La grande palabre depuis son lancement vise un objectif, celui de permettre aux citoyens camerounais de se saisir de leurs problèmes, de les penser afin de pouvoir trouver une solution relativement à leurs environnement. L’autre objectif est de promouvoir la culture politique. Nous constatons que certains compatriotes  ne se comportent pas comme des citoyens, ils attendent tout et n’agissent pratiquement pas. Ce qui fait que, certains problèmes ne trouvent pas de solutions  tout simplement par les compatriotes des régions où grandes villes ne savent même pas les poser. La grande palabre est donc ce cadre qui suscite la formation à la citoyenneté. Ce qui permet de prendre conscience de sa qualité de citoyen. Quand on prend conscience, on crée des droits et on sait qu’on a des droits inaliénables et inviolables.


A ce jour quel peut être le bilan de la « Grande Palabre » ?
Nous sommes presqu’à une soixantaine de sessions déjà tenues sur l’ensemble du territoire national avec des thématiques variées. L’affluence est de plus en plus accrue malgré les difficultés rencontrées sur le terrain dans certaines régions. Comme c’est le cas à Yaoundé où nous avons intenté des procès contre certaines autorités administratives. C’est également l’occasion de saluer ici, celles des autorités qui se distinguent par leur conformité à la loi. C’est le cas du sous-préfet d’Ebolowa II ème qui a autorisé la tenue de cette rencontre de réflexion et de formation à la citoyenneté. A ce jour, la Grande Palabre a déjà produit 02 ouvrages parce que nous avons pensé que les paroles s’envolent et seuls les écrits peuvent rester. Afin de contribuer à la formation de la citoyenneté des camerounais. On se dit que quelque fois, les camerounais n’agissent pas très souvent  parce qu’ils ne connaissent pas.


Quelle est la visée de la « Grande Palabre » par rapport à la décentralisation ?
En réalité, au niveau de cette plateforme de réflexion, le problème qui se pose aujourd’hui ne doit pas se référer à la décentralisation annoncée. Si on veut se référer à la crise dans la zone  anglophone, ou alors au fédéralisme avancé par certains. A la Grande Palabre, le problème qui se pose à trait d’abord à la nature de l’état avant la forme de l’état.
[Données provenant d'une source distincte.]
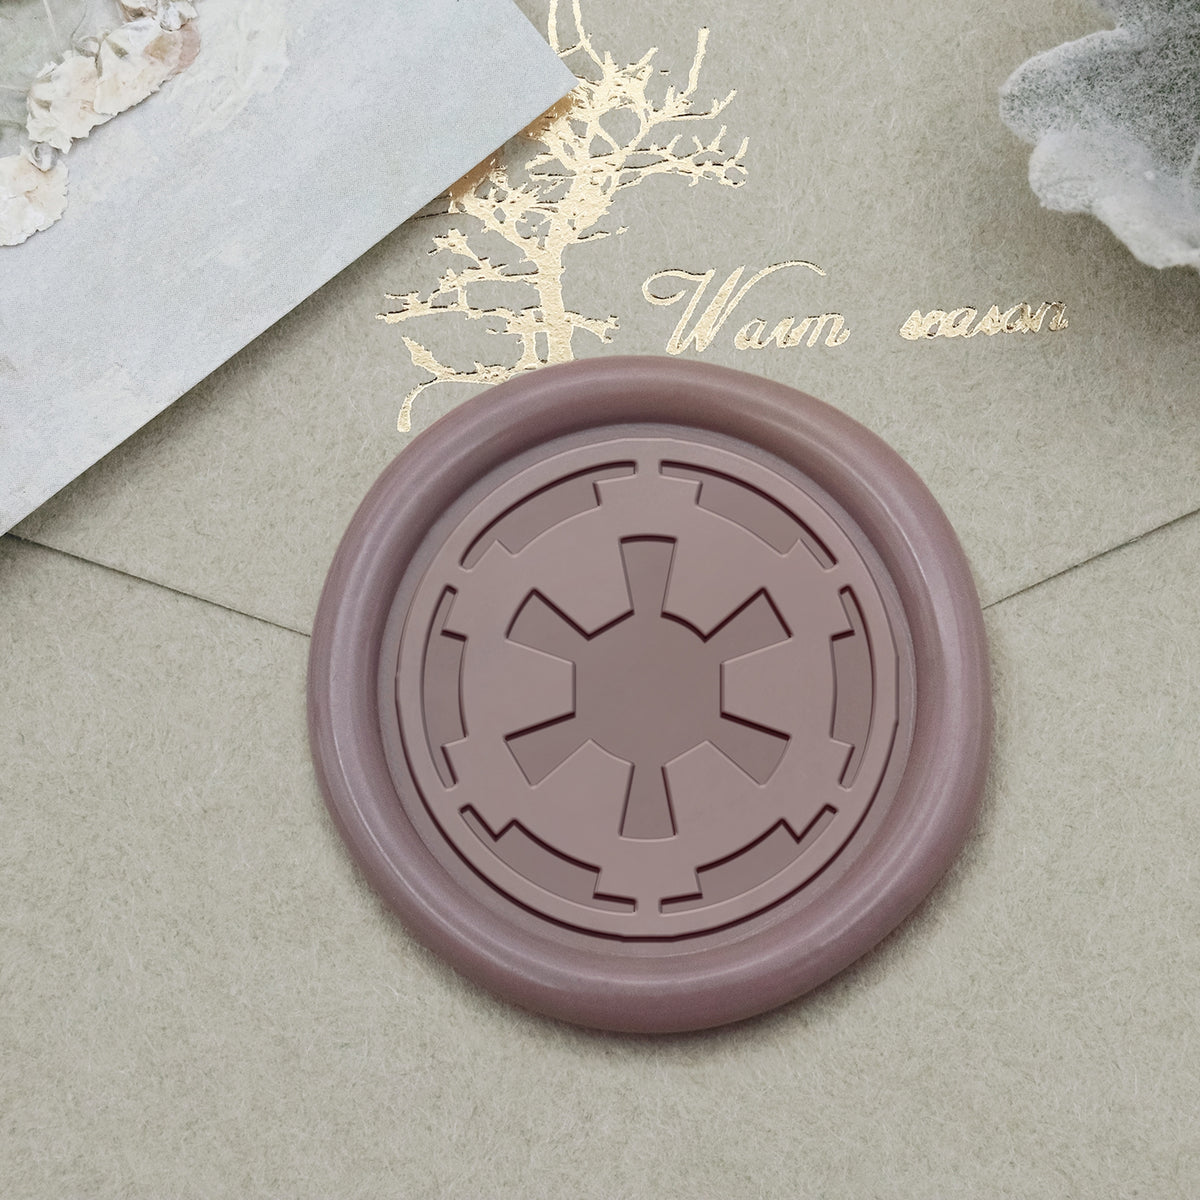 Stamprints Galactic Empire Design Wax Seal Stamp 1

Doit on toujours avoir un état néocolonial ou alors patrimonial c'est-à-dire un état où les pays tuteurs continuent à choisir nos dirigeants. Par la suite, les camerounais peuvent se mettre ensemble pour  trouver la forme de l’état qui les convient. En dehors de cette démarche, on aura peu de chance à avoir des structures décentralisées dignes de la volonté de la base. Vous allez vous rendre compte que toutes nos administrations sont des copies fidèles de l’administration coloniale. Est-ce que c’est ce qui correspond  à l’identité camerounaise ou africaine.


Pourquoi avez-vous choisi l’appellation « La Grande Palabre » ?
Nous pouvions appeler conférence débat. Parce qu’en réalité dans le contexte africain, parler de palabre renvoie à notre identité. Parce que nos ancêtres  résolvaient les problèmes de la société sous l’arbre à palabre. Là, il n’y avait pas de débat, mais plutôt de discussions. Car, dans le débat on cherche à convaincre alors que dans la discussion on recherche plutôt la meilleure solution aux problèmes de la société comme la nôtre.